4a. genkernel --install initrd

4b People with gensplash: genkernel --install --gensplash=yourtheme initrd

Voila, enjoy hibernate  :Wink: 

----------

## Mythril

yep ! worked for me too !

Thanks !   :Very Happy: 

I just had to remove the 'mount -o remount,rw' command cause fsck failed at boot with a message telling / was mounted so checking it would be dangerous.

Thanks a lot.

----------

## punter

I'm using the same kernel and hibernate-script... but my hibernation worked in an unusual manner:

it resumed not after the kernel loading, but even _after_ the modules were loaded.

there is a "suspend2_resume" command in the middleware of linuxrc file.... what did you guys do with that?

my resume works fine when it reaches that command, but i'm concerned about my root partition...
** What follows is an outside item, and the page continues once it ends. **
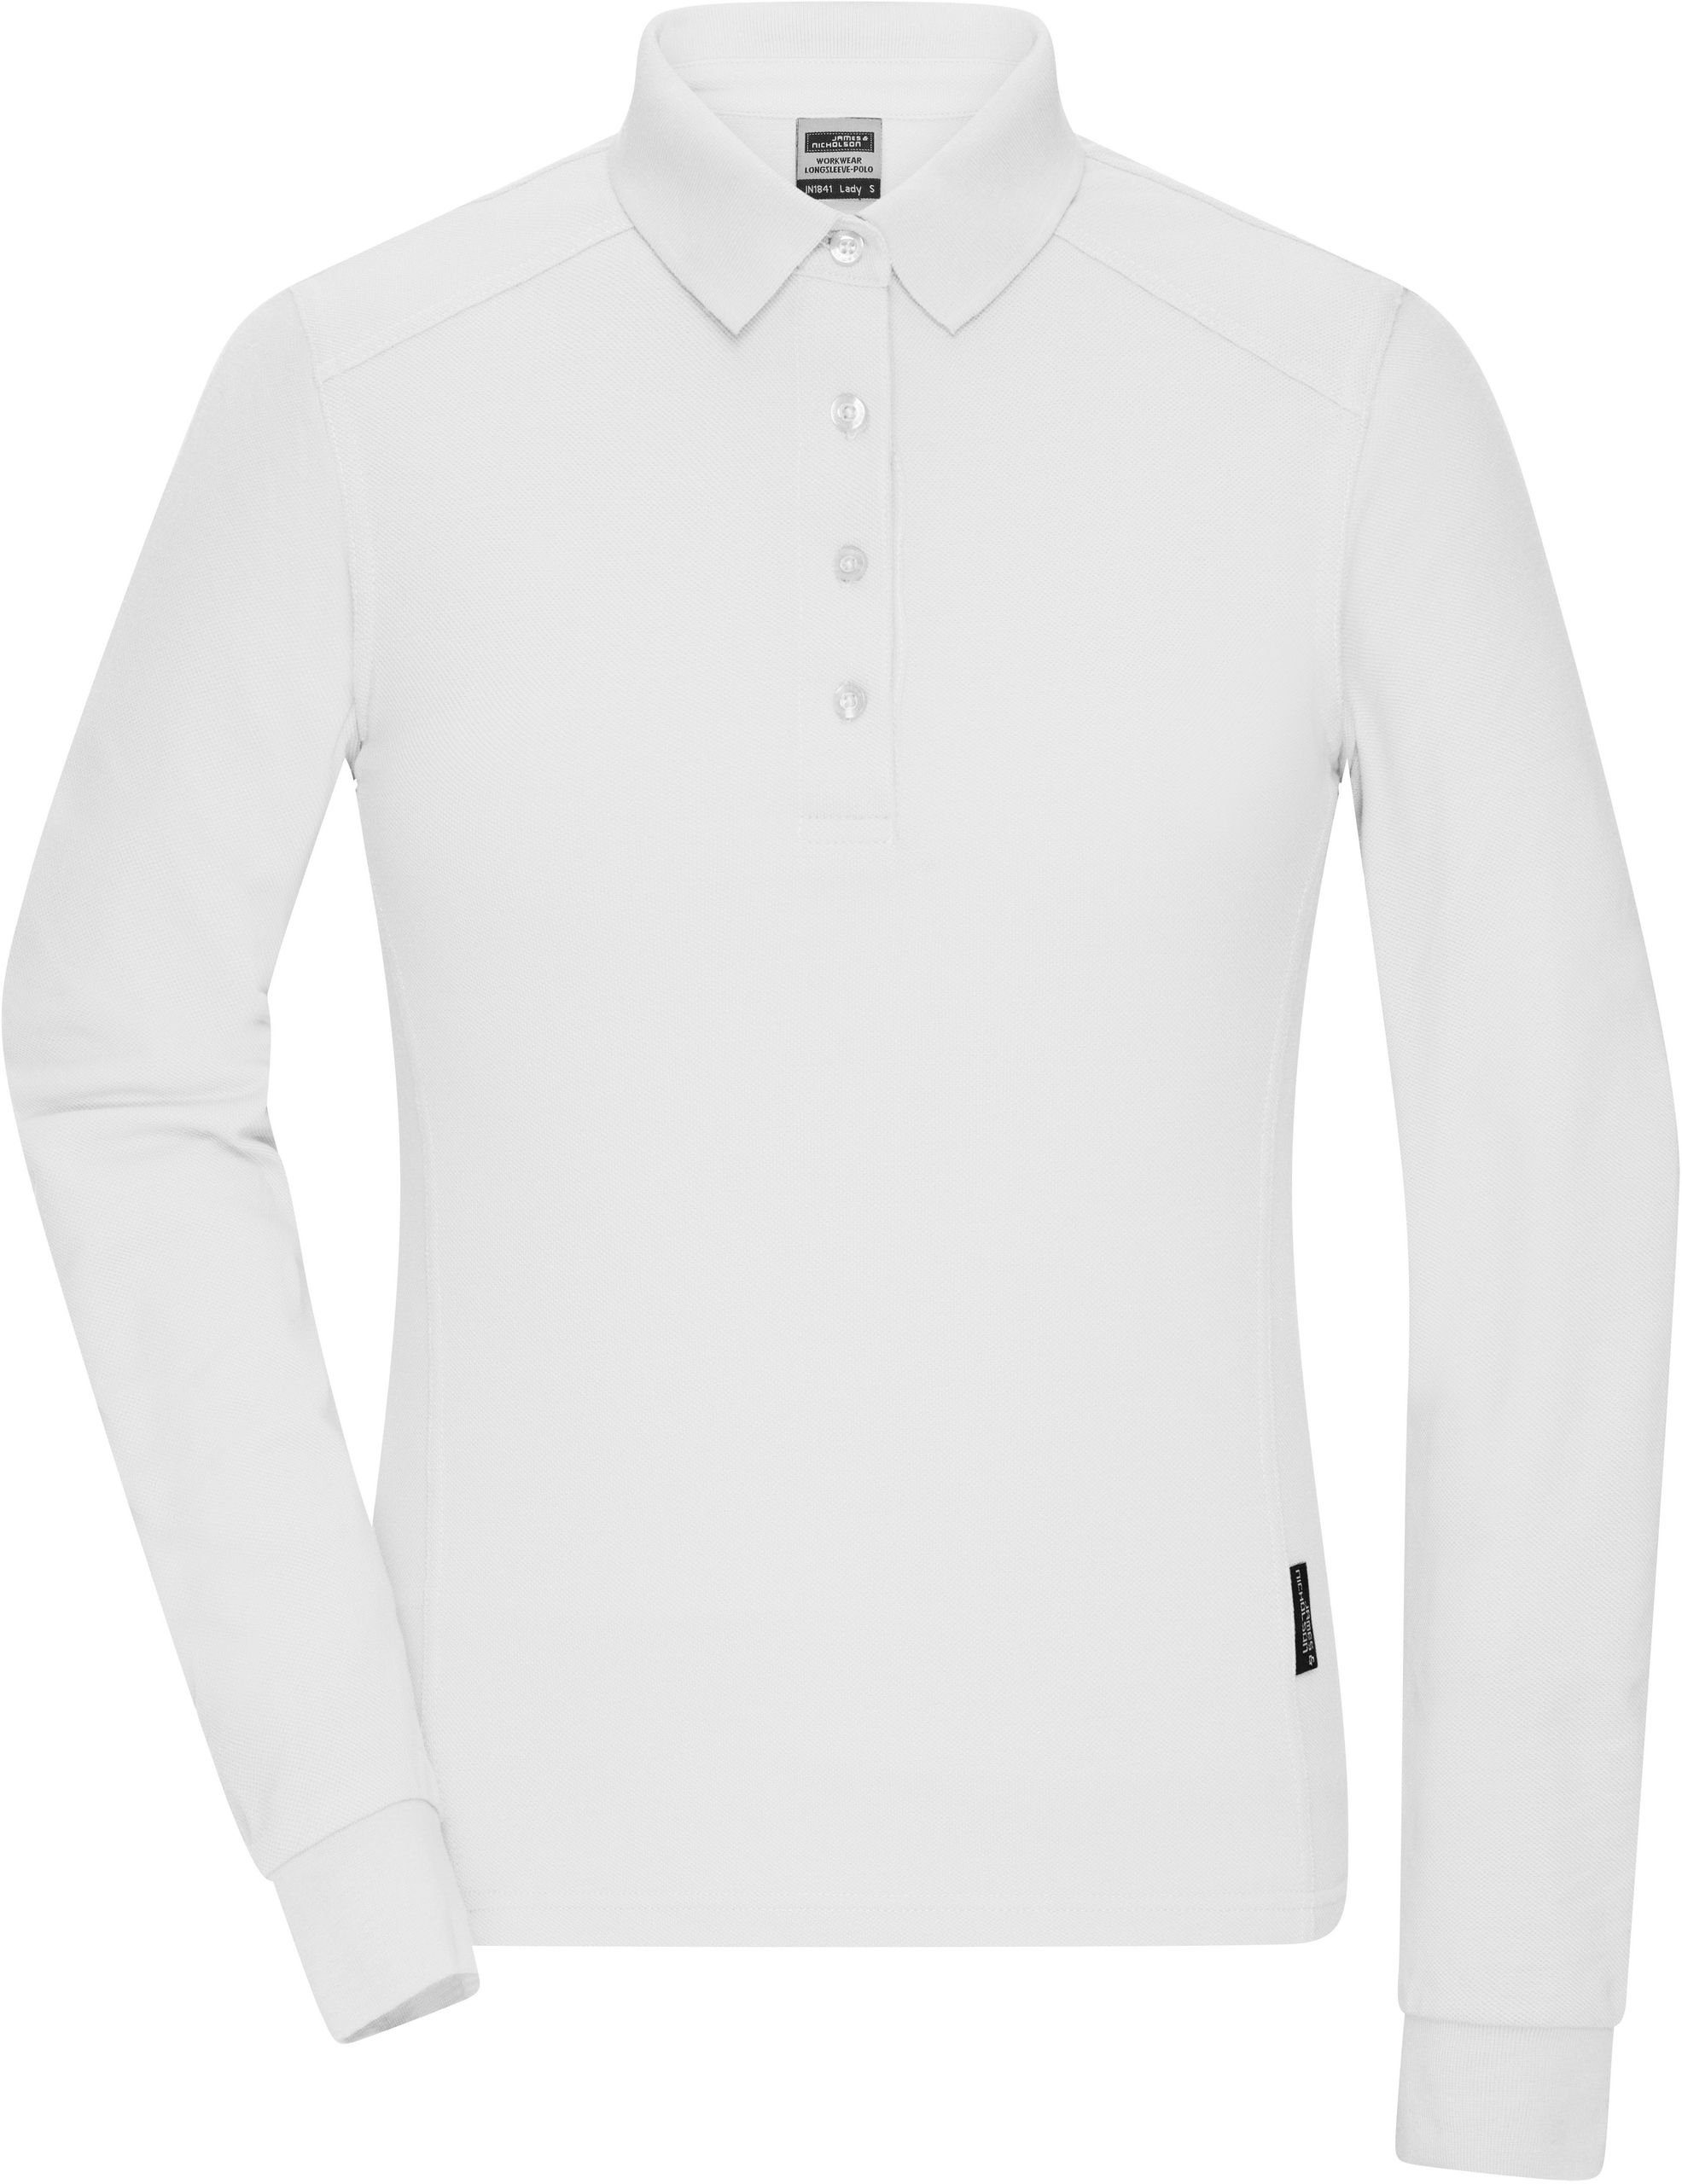 James & Nicholson Poloshirt Damen Workwear Polo langarm White

do you guys know if i should leave it as is... or alter the start to resume at that point?

cheers,

shane

----------

## Mythril

 *punter wrote:*   

> I'm using the same kernel and hibernate-script... but my hibernation worked in an unusual manner:
> 
> it resumed not after the kernel loading, but even _after_ the modules were loaded.
> 
> there is a "suspend2_resume" command in the middleware of linuxrc file.... what did you guys do with that?
> ...

 

I've got the same behaviour... Don't know anything about how this works internally but it seems to work fine for me...

----------

## punter

well, i can confirm that the default "suspend2_resume" command in the linuxrc file is not sufficient..... it hanged my computer 5 minutes after resuming....

so, we need to put the resume operation at the start.... but how do you know whether to use the traditional "echo > /proc" approach, or this new "suspend2_resume" command ??

----------